# any thoughts on 'rebound' relationships?



## Marigold (Oct 29, 2010)

Hi everyone, it's been a few weeks since I last posted, I thought I would update and also I need some advice please!.....

Briefly, H left me 8 weeks ago saying the marriage wasn't working, wanting to 'clear his head' alone, think things over etc, he maintained there is no OW, although I suspected there could well be (he was unfaithful in the past and there were some suspicious signs again), I begged him to stay and try to make it work but to no avail and we are separated now 8 weeks. No kids. 

We have only had some phone contact - maybe once or twice per week and its mainly been about practical stuff - like bank accounts. We haven't really revisited the reasons for the separation - I think I have heard his reasons and on a couple of occasions when we touched on the problems, he went into the mode of total blame on me and listing the things he doesn't like about me, it was too upsetting for me and also unhelpful. I have gathered that he is pretty much 'living his life' although I also know that he has been in lots of pain too.....

Now I have had some time to think, I am still not sure what I want.....on one hand, I 'believe' in my marriage vows and I do love and miss him very badly, on the other hand, my heart has a little voice telling me that the damage and pain is just too great to repair....I just feel so sad that in my heart I can't see how we could ever be what we were........

I'm finding it very hard to get over this massive loss - I was with him since aged 18 years and I'm now 30 (6 years were married) and I'm wondering could having a fling with another man help me?
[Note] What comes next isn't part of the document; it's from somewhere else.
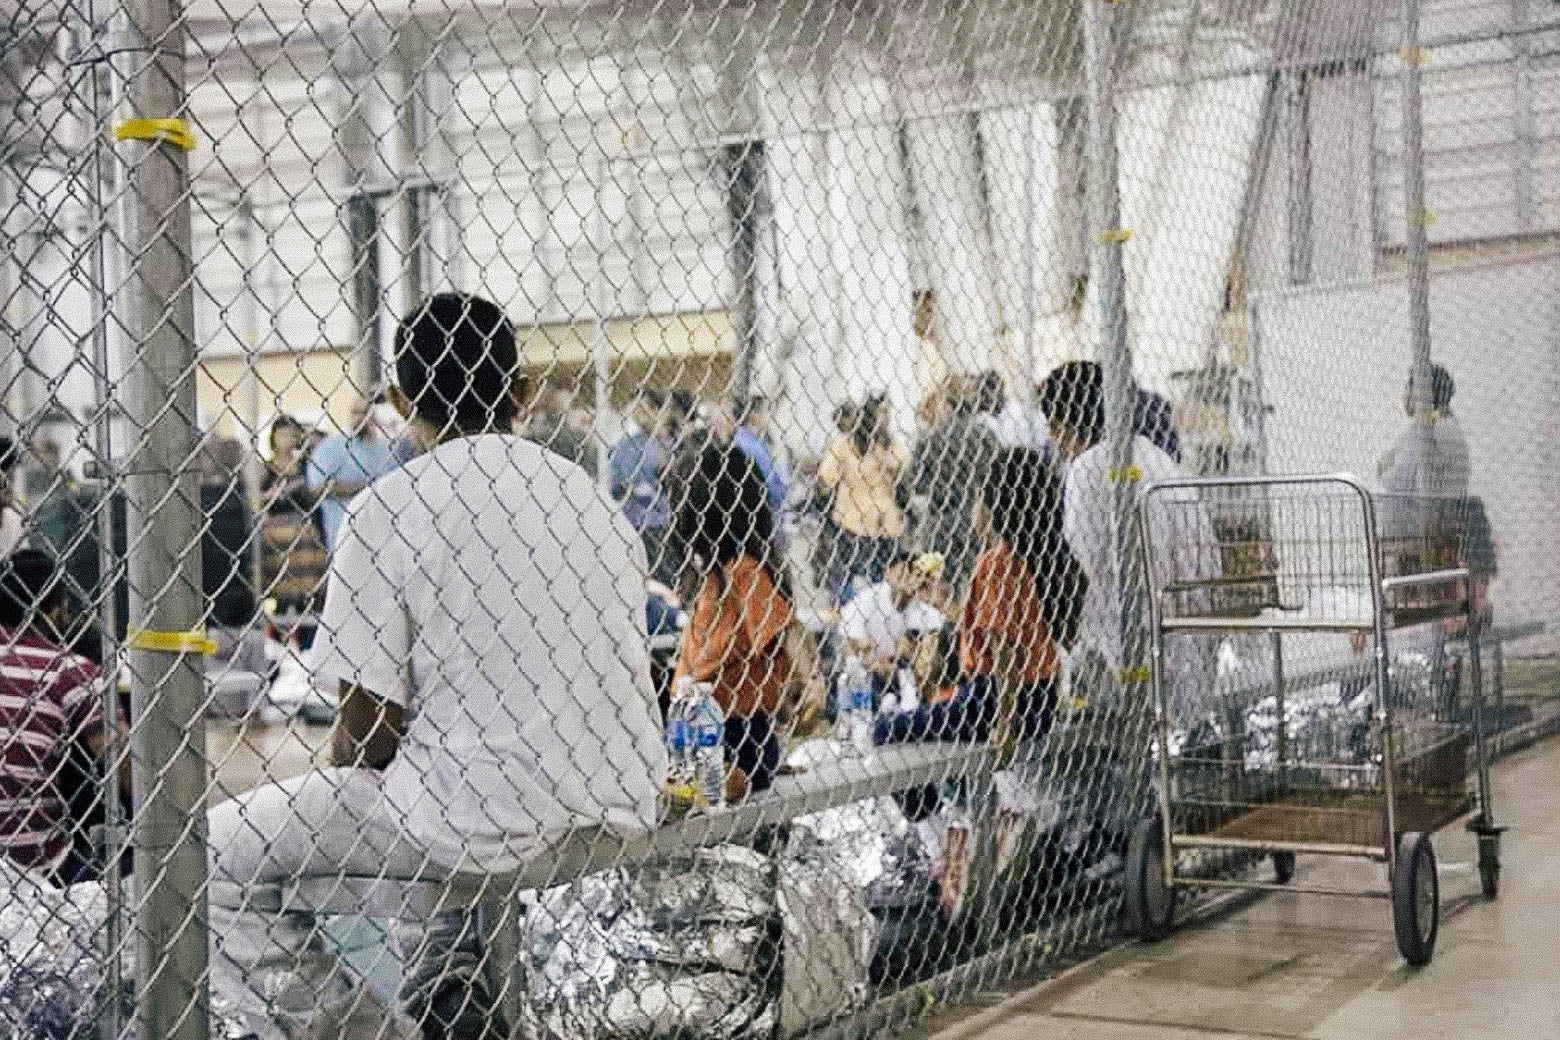 Migrants in a detention facility

I'm not talking about a deep relationship - I know i'm totally not emotionally ready for that - but I wondered if dating in a superficial / physical way could help me get over this? 

I really miss having a man telling me good stuff about myself like i'm attractive, sexy etc.....should point out that my H really distanced himself both emotionally and physically from me for the past at least 2 years so I feel like I've missed this for a long time..........On one side, I'm aware that i'm very fragile and I don't want to put myself in a situation where I could end up hurting myself more, on the other hand, I want to feel like a woman again / male attention.....
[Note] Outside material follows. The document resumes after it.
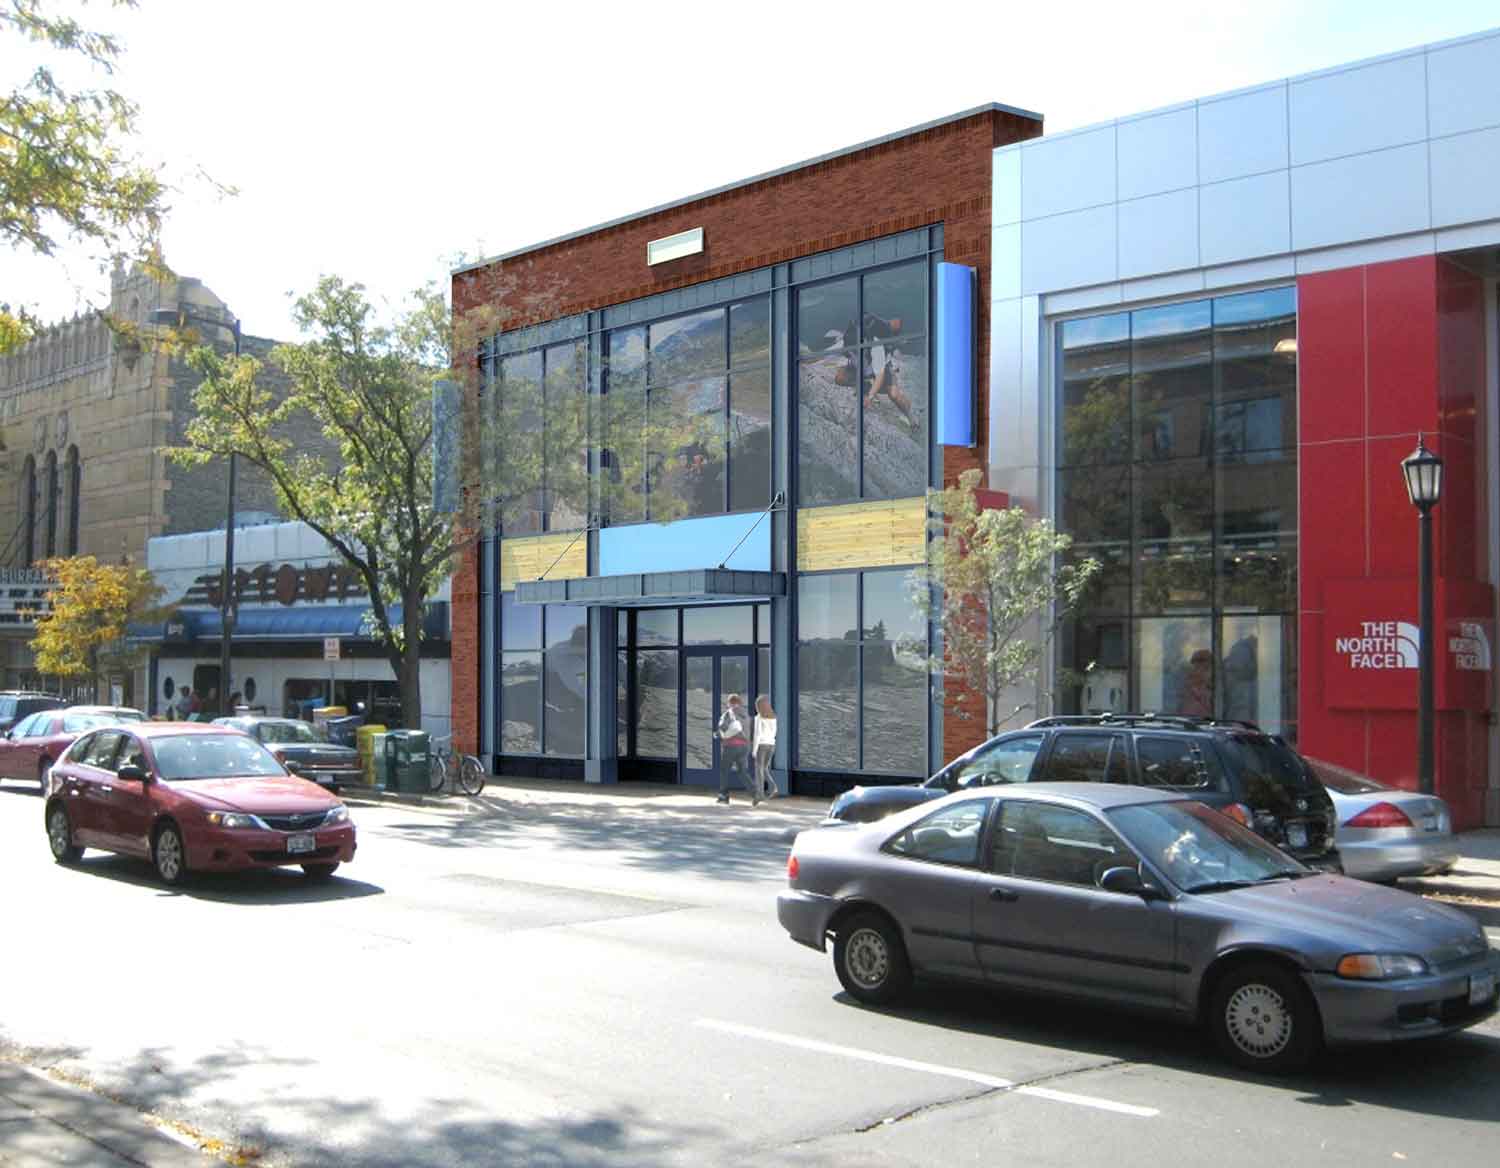 Outside of new building designed in Uptown Minneapolis, Minnesota. Retail shell designed by Framework Architects

I'm not sure what to do....does a sort of 'rebound' relationship help me move on and feel better about myself, or could I just be setting myself up for a potential disaster? Also am I being unrealistic with the time frame - its only been 8 weeks, not sure if i'm 'ready' but i feel maybe I should be....or do I just feel I should be ready 'cos it seems that my H is getting on ok??.....so confusing!!! Any advice or comments really gratefully received........
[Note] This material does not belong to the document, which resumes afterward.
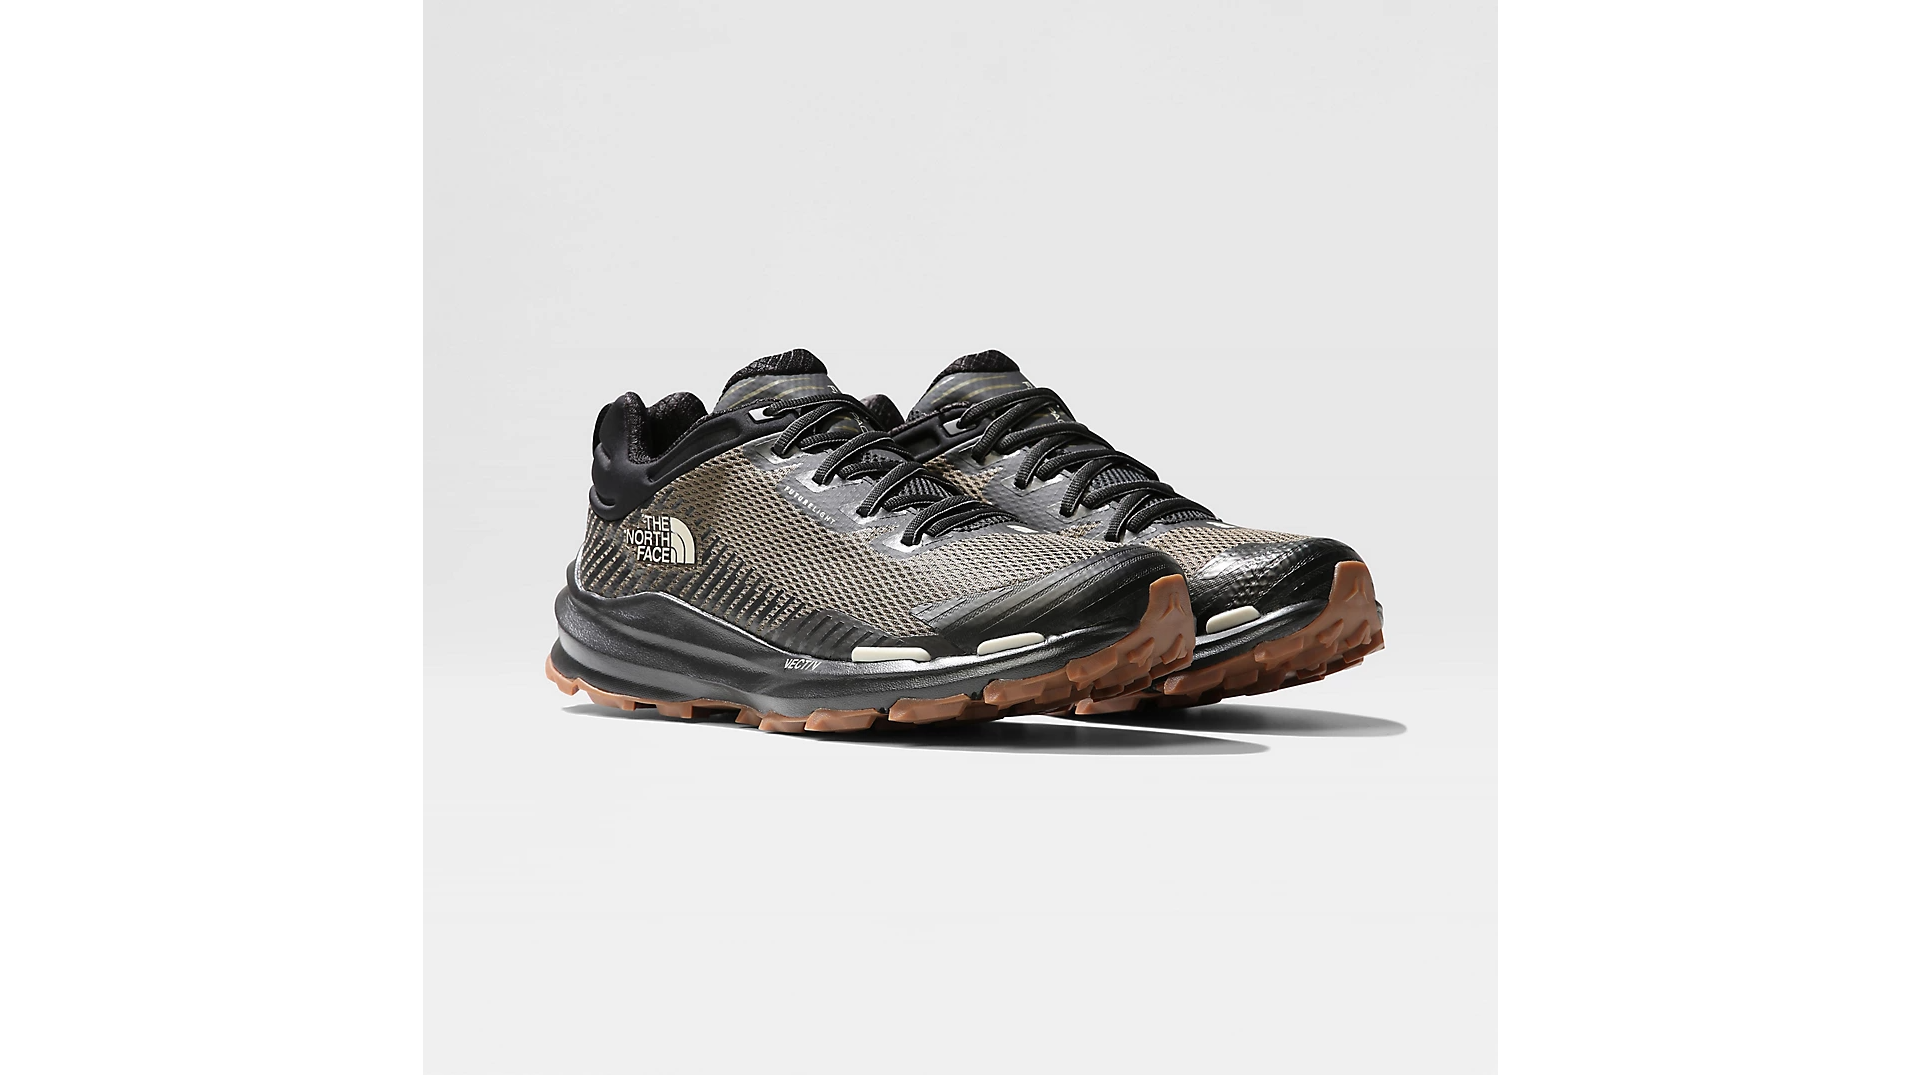 The North Face Mens Vectiv Fastpack Futurelight Shoe

thank you and good luck to everyone else who is having a difficult time too...(sorry - a longer post than I intended!)


----------



## DjF (Nov 24, 2010)

Until you decide what you want toward your marriage, any othe relationship will just cloud up that issue...we all want to feel loved again, but I believe 2 months is too soon to jump forward, certainly when you say that you believe in your vows...

Learn to love yourself first, build self confidence...

That said, I certainly wouldn't sit at home and do nothing, go out with friends and enjoy life!


----------



## blownaway (Dec 11, 2010)

Although this is horrible to hear, please be ready to prepare yourself that your H is likely with someone else and that was the reason for his decision to separate. All the classic lines were handed to you -love you, but not in love with you; need my space; etc., etc. 

Regardless of what is really going on, if you truly don't want to work at it anymore and you feel like it's just too much for you to handle, I would end this marriage before you start something new. I completely understand what you are saying - I miss being told that I'm pretty or that I'm sexy and I miss the physical contact of a simple hug or kiss on the cheek before I leave for work in the morning, in addition to all the other contact that happens when the kids are in bed. But, I feel like if you jump into something new, it has some strong potential to hurt you in the end. 

You've been with your H for many years now, ever since you were a kid. If you never dated anyone else, it's going to be a whole new ball game. What happens if you find someone that you think will be a fling, but you end up falling for him and he ends up leaving you? That would be a double whammy to your self-esteem. I say work on yourself, learn to be alone for a while and really learn what it is that you want from a man so that the next time you will be on the lookout for those important qualities. I know dating is just dating and going out for drinks or the movies is no big deal, but it's a touchy situation because it could very well turn into more and that would complicate your plan to be a casual dater more than I think you want to know. Your emotions are all over the place and they are very raw right now. Good friends and family are what you need now so that you can turn to them for comfort and some fun. Actively going out to look for a new guy to replace your H and try forget about the hurt is not a good idea and likely will not work.


----------



## hmm (Aug 23, 2010)

I'm in the same thought as you but I know for a fact my h is with someone else. I was with him since I was 16 and am now 36 we have two children. He's been gone literally since nov 3 but he left in his heart probably in may. The loneliness is very difficult I have been reconnecting with some girlfriends and going out once in awhile I haven't to the point been brave or ready enough to accept anything but flattery especially since I know I'm so unemotionally available and hurt. But the thought crosses my mind if I went on a date or had a fling could I heal faster. I know the answer is probably not buti think it anyways
_Posted via Mobile Device_


----------



## Gilgamesh (Dec 15, 2010)

Hi, i know your going through a tough time and just want you to know we are all here for you.....My wife felt alone and wanted attention because i distanced myself like your husband did...
she kicked me out and a month later was with another guy because she wanted to feel that "male attention" and be loved...it took me 3 months to break down, beg, plead, do everything i could to want her back....
and then finally start getting over her....you know what happend in the same week i started getting over her and thought i could move on? 
she broke down to me and said she still loves me and wants me and hates what she has done with this other man....and blames herself, feels guilty and thinks she has royally screwed up.....
im not saying your husband would be like this if hes with another woman.....im not saying that this will happen to you...
what im trying to say is if ive learnt anything from rebound relationships....they only make things so much worse...you need time for YOURSELF for a little while...build confidence in urself, be happy with yourself...dont even think about ur hubby or another man, because if you move on too quickly, you will get hurt more than ever...
YOU will know when the time is right to start dating again...it will just be a feeling you know is right....wether that be with your STBX or with someone else, is upto life....


----------



## Marigold (Oct 29, 2010)

Thank you DjF, blownaway, hmm and gilgamesh for your advice.....i'm so glad to have the forum and the encouragement, I really appreciate the replies....I can see they are really thoughtful and kind......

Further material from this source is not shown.